These two banks join OCBC & Citibank to restrict bank digital services usage if unverified apps on phones are found

DBS app mockups

And they are none other than DBS and UOB, the two big local bank names we’re aware of.

So news has it that new security measures will be implemented to protect customers from scams.

These measures include…

DBS’ anti-malware tool for Android

Following in the footsteps of OCBC and Citibank, DBS announced that they have developed an anti-malware tool for Android phones.

This tool aims to prevent scammers from illegally accessing customers’ accounts by limiting app access when potential risks such as malware or malicious applications on customers’ phones are detected.

Starting early this month, if sideloaded apps with accessibility permission enabled or ongoing screen-sharing or mirroring are detected on devices, access to DBS’ banking app will be restricted.

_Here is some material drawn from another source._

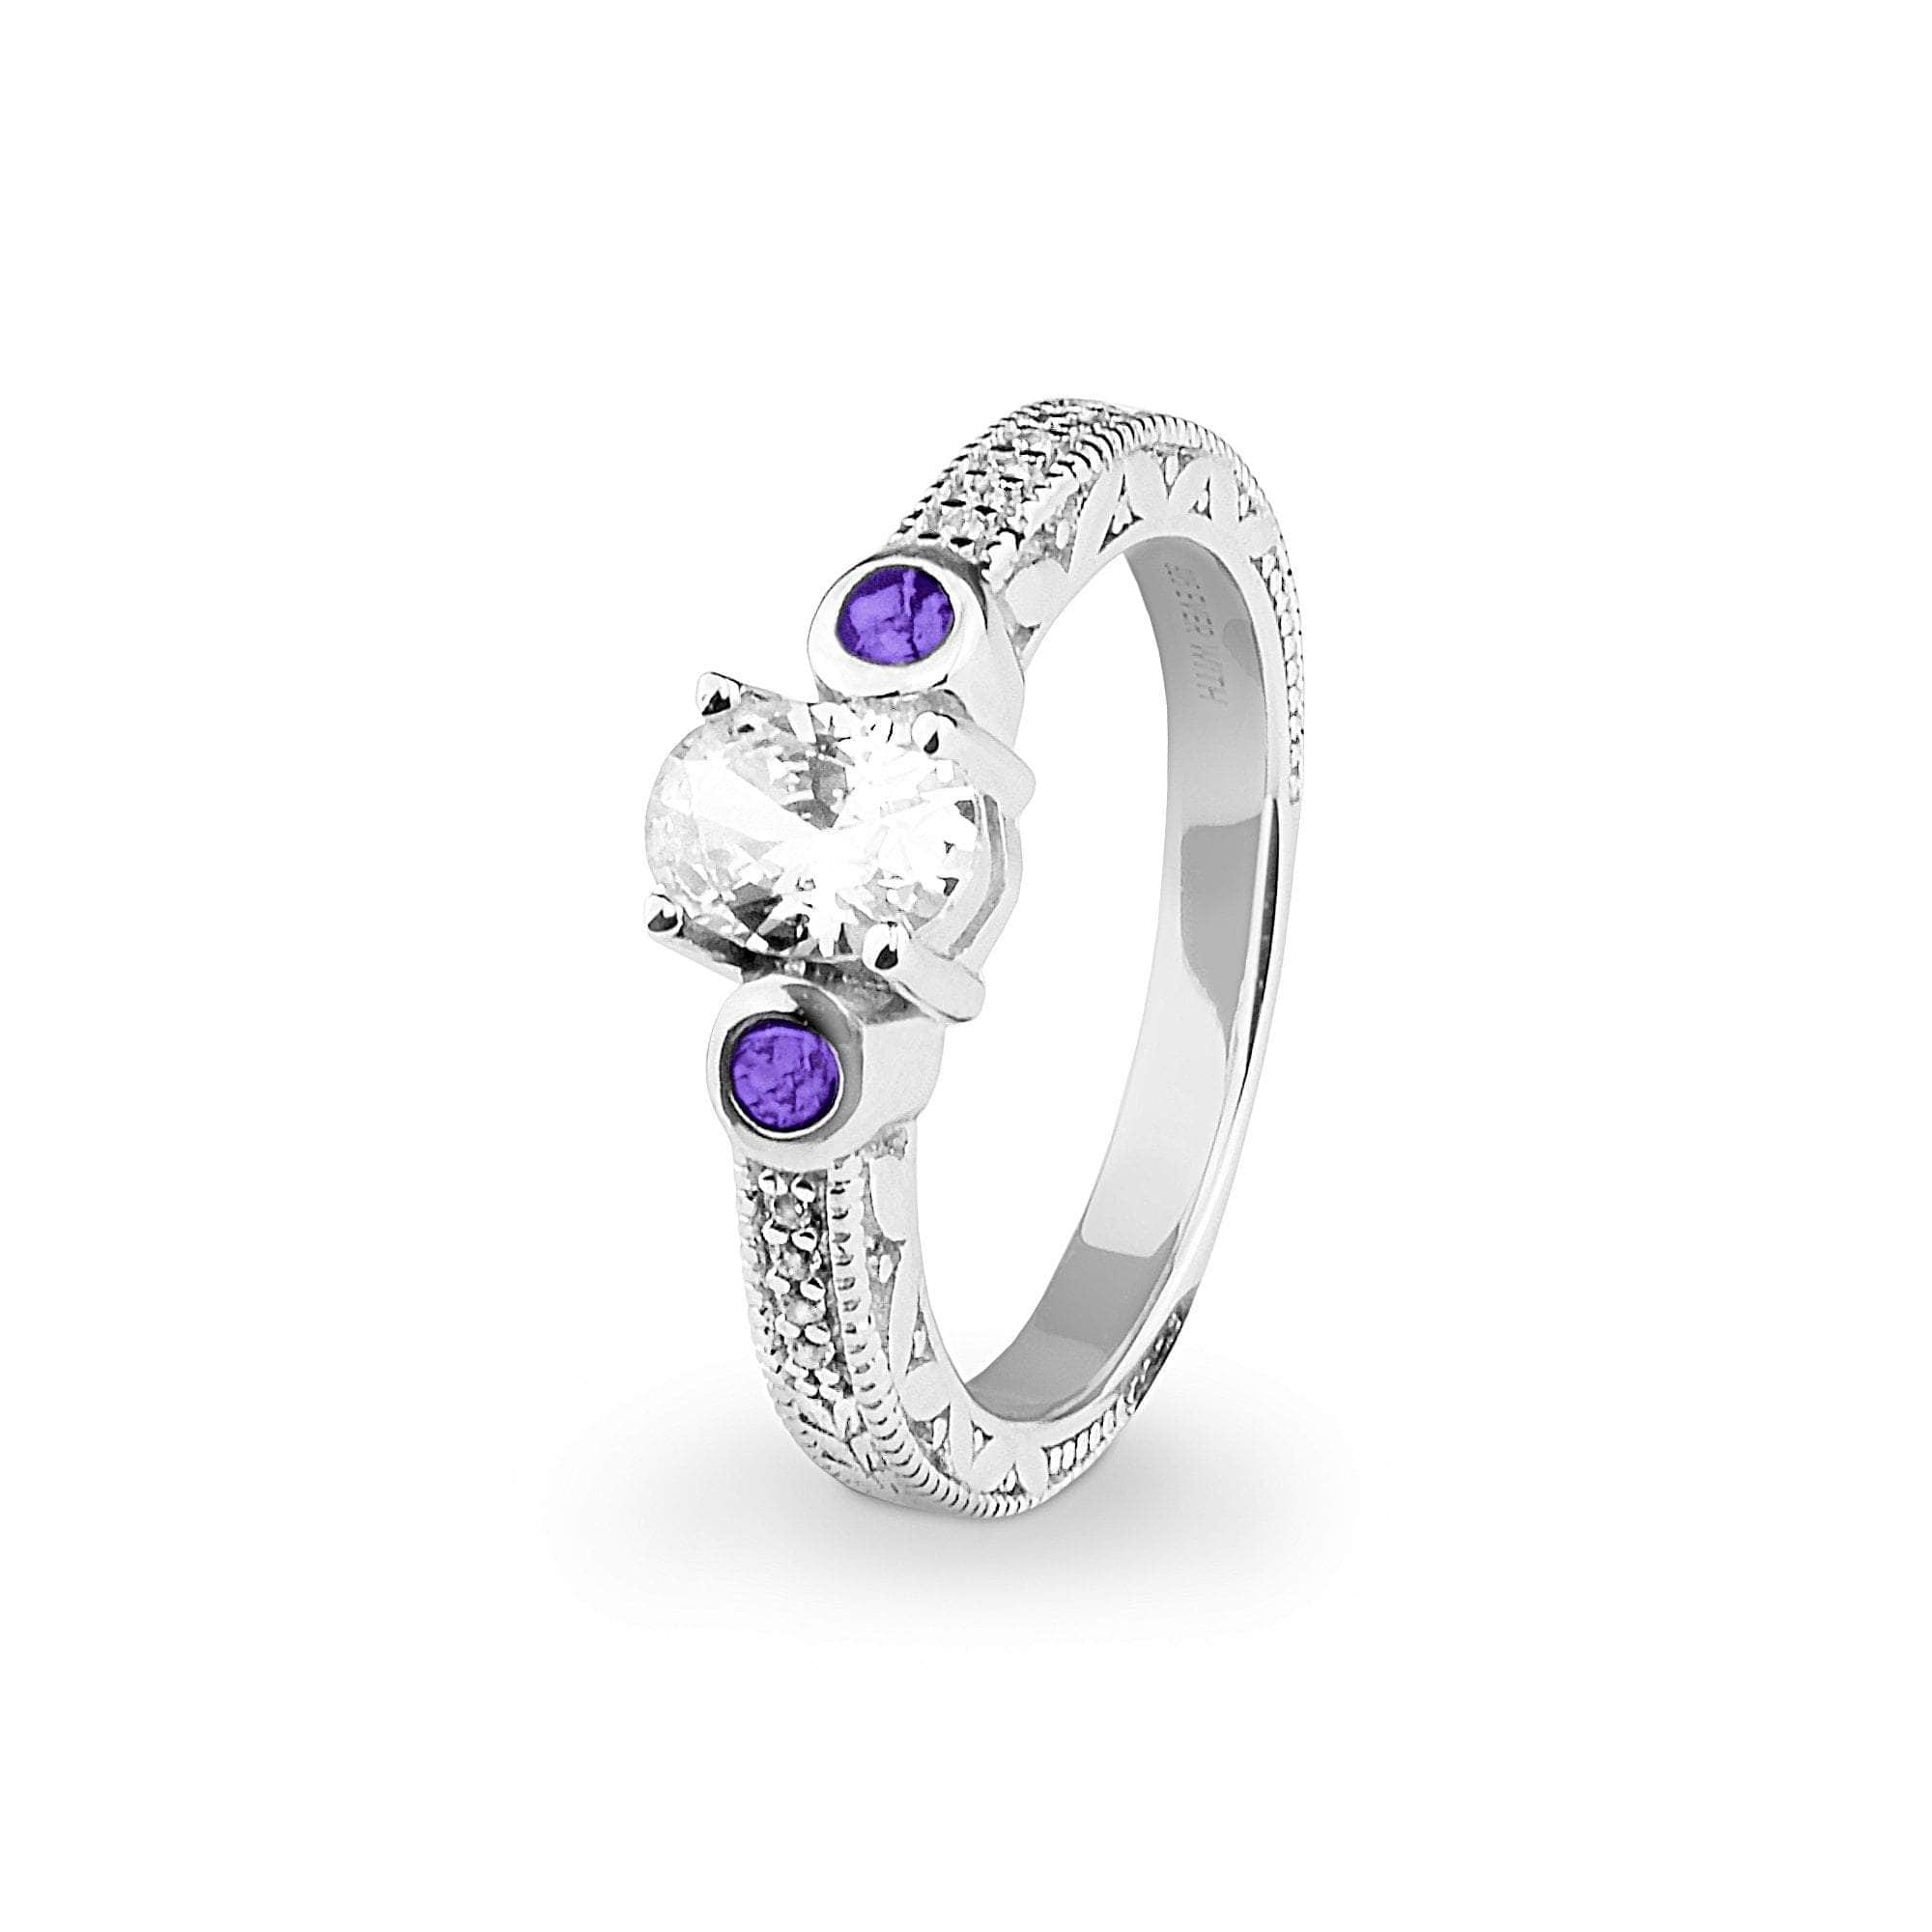 Ladies Serenity Memorial Ashes Ring with Fine Crystals

Customers will only be able to regain access once they have taken the necessary action to secure their phones.

I’ve received an email with official updates from DBS yesterday (30 September 2023) since I’m their customer:

DBS email

Check your email if you don’t want to take my word for it.

UOB, too, rolls out anti-malware security features

Similarly, UOB will be introducing new anti-malware security features on its banking app gradually.

These updates will restrict access to the app if apps downloaded from third-party or unauthorized sites with risky permissions are detected.

An error message will be sent, indicating the name of the potentially risky app.

To continue using UOB’s digital services, you will need to uninstall or disable accessibility permissions for the mentioned app.

Similar to DBS, access to UOB’s banking app will be denied if screen-sharing on other apps or tools is detected on your phone.

This measure aims to prevent scammers from gaining control of your device and compromising banking information.

You can only resume using the app by disabling screen sharing.

What bank users think

If you don’t already know, OCBC was the first to implement these new security measures in September 2023, followed by Citibank.

While these measures are designed to counter the threat of malware scams, not everyone accepts them with a huge “thank you.”

Some OCBC customers have expressed concerns about privacy on the bank’s social media platforms.

But it’s rather uncalled for because the head of anti-fraud at OCBC group financial crime compliance noted that it’s a misconception that the bank can scan phones and view personal content.

In short, your information does not get to the bank. Your privacy is yours to keep.

DBS Singapore Country Head also acknowledged that these measures may cause some inconvenience for customers but emphasized their importance in ensuring secure digital transactions.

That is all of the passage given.